Securing /tmp in a hosting env

[Erwin123]

On our physical servers we used to set the /tmp partition to noexec, this saved us a lot of trouble.
This is not possible with OpenVZ since there is no separate partition for /tmp.

I searched for a way to protect them anyway since we have a lot of problems with rogue scripts that get uploaded through customers scripts.

I found this thread:
http://www.eukhost.com/forums/f29/how-do-i-mount-tmp-vpses-noexec-nosuid-options-1025/#post14817

This is on a virtuozzo server, will this work for OpenVZ?

* Login to VPS Hosting.

* Edit /etc/fstab

- Under the existing line (there should only be one line)
- add >> none /tmp tmpfs nodev,nosuid,noexec 0 0
- Reboot the VPS Hosting to make the changes take effect.
- Log back in and enter "df -h" to see whether the changes have taken effect.

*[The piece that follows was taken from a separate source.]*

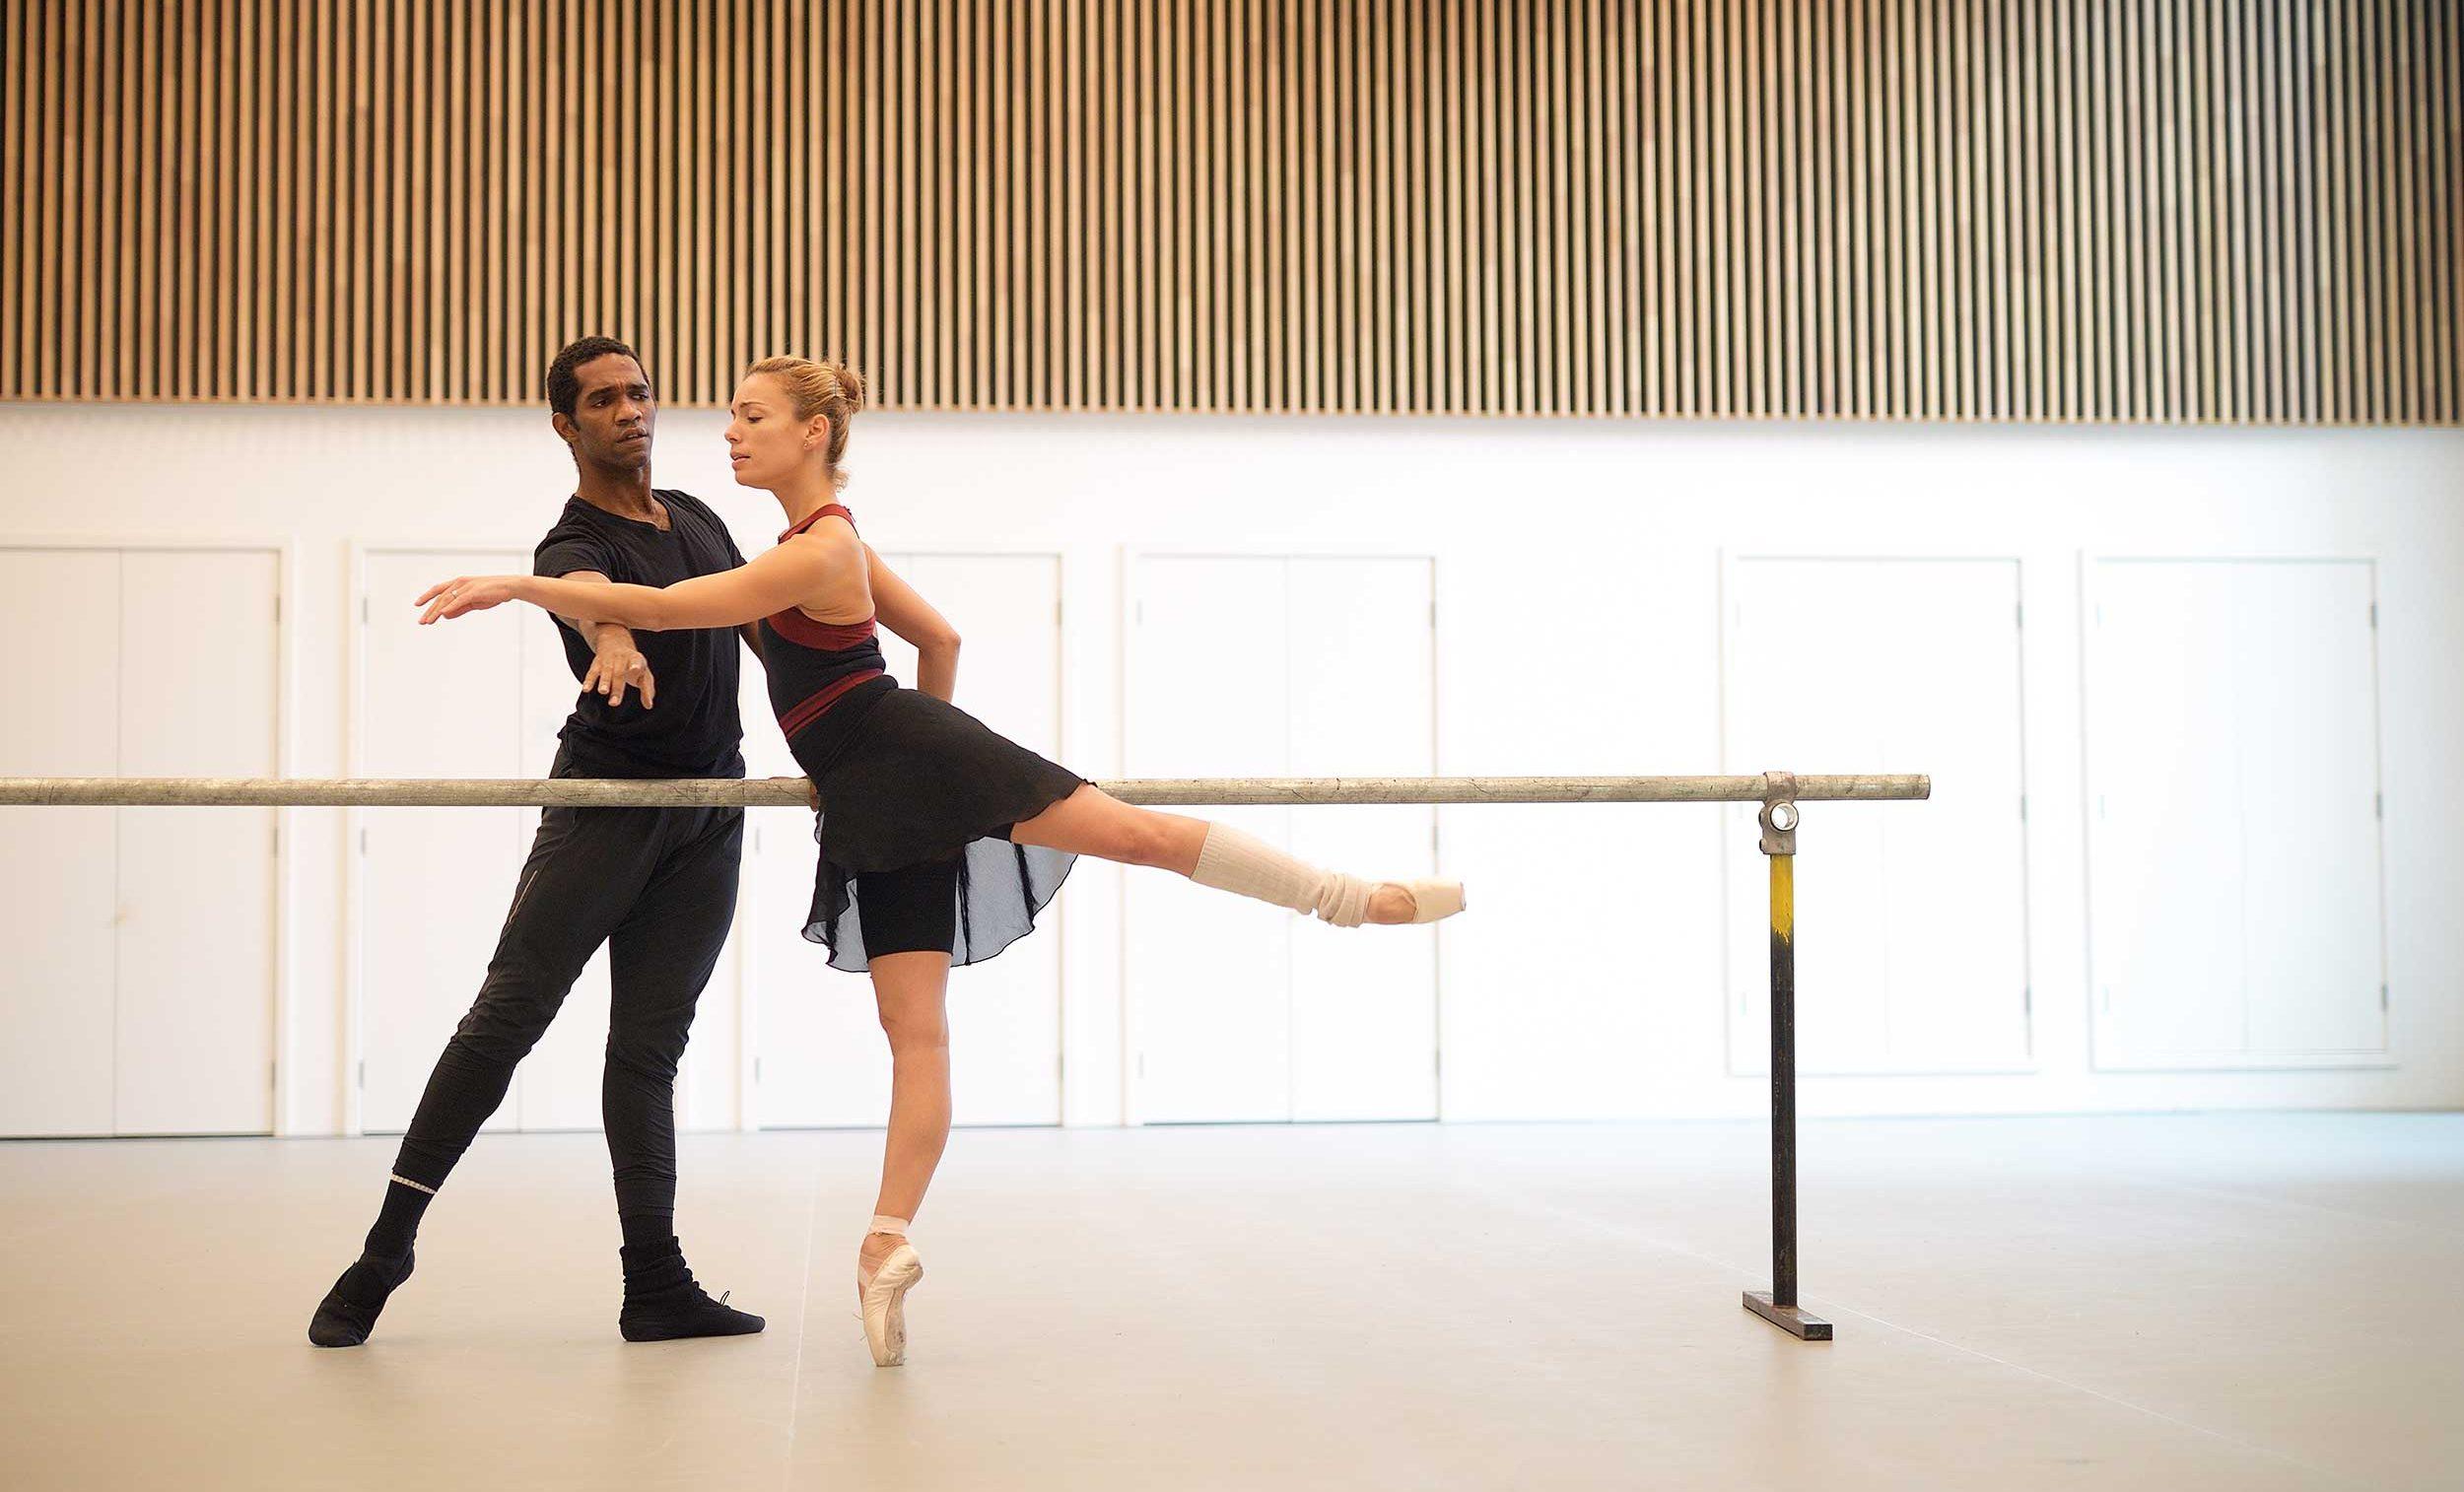 Fernanda-Oliviera-and-Junor-Souza-rehearse-Ben-Stevenson's-Three-Preludes-ahead-of-ENB's-70th-Anniversary-Galas-(C)-Laurent-L-(4)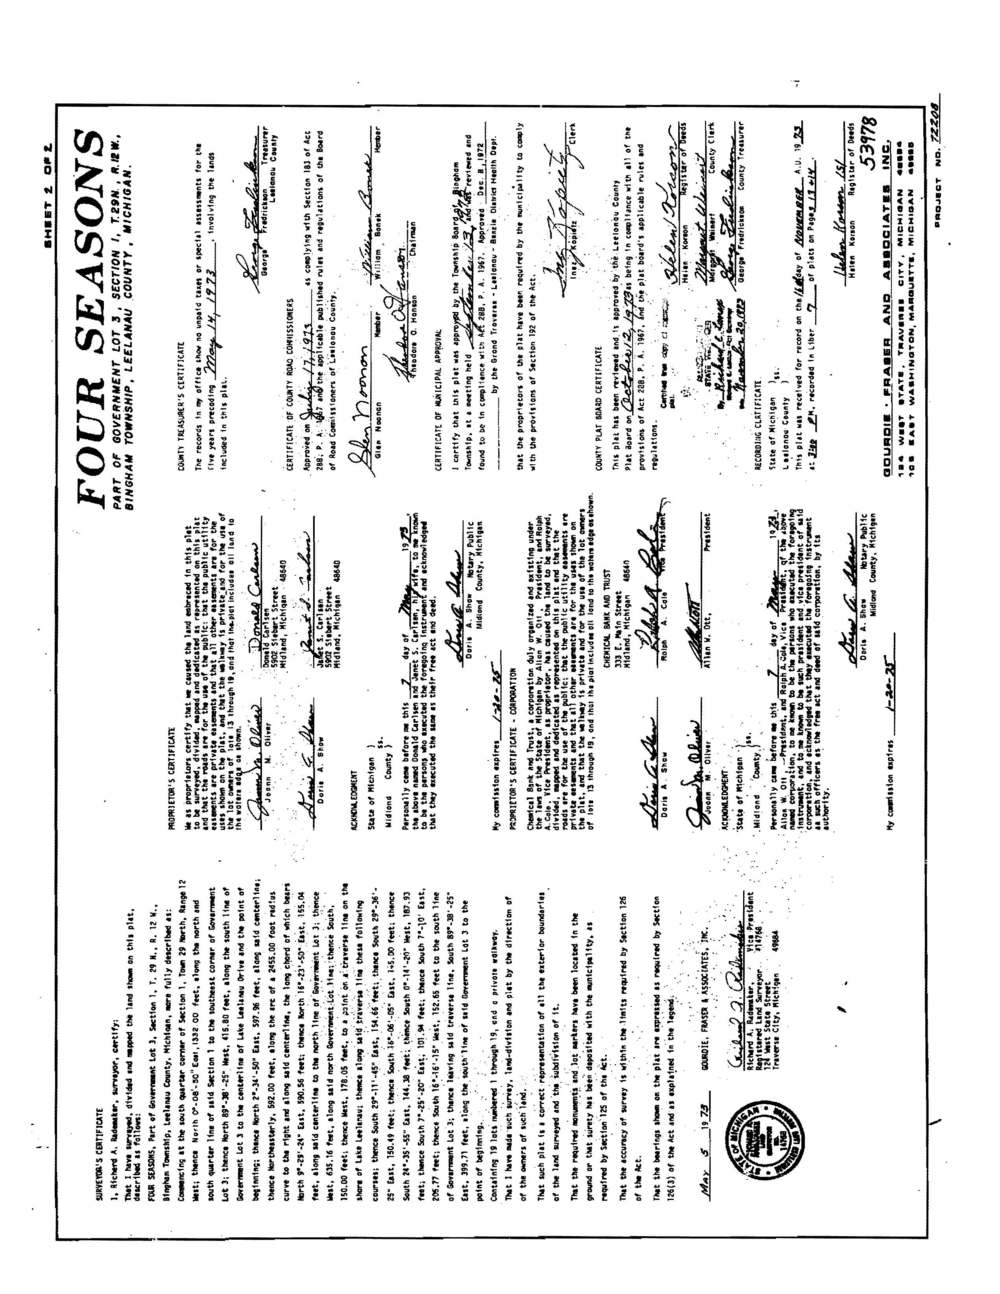 2736 S Lake Leelanau Dr, South Lake Leelanau Waterfront for sale by Oltersdorf Realty LLC - Marketing Packet (11).jpg

To protect all the tmp dirs in all containers on a node:

Since Virtuozzo 3.0 SP1 it is very easy to mount /tmp (and /var/tmp if needed) dir on VEs with noexec, nosuid, nodev options using introduced 'bindmount' technology. You can follow the steps below to mount /tmp and /var/tmp directories on all VEs with noexec,nosuid options.

1. Update Virtuozzo installation to Virtuozzo 3 SP1 using 'vzup2date' utility.

2. If you want to mount /tmp and /var/tmp on all VEs with noexec,nosuid,nodev options then do the following:
Insert the following line into the main Virtuozzo configuration file /etc/sysconfig/vz:
Quote:
BINDMOUNT="/tmp,nosuid,noexec,nodev /var/tmp,nosuid,noexec,nodev "
and restart all VEs.

Anyone any thoughts on this?

Edit: I see Parallels has its own knowledgebase article about it:
http://kb.parallels.com/en/648

 

[Erwin123]

none /tmp tmpfs nodev,nosuid,noexec 0 0

Seems to work indeed.
I will test some more and let you know if this works.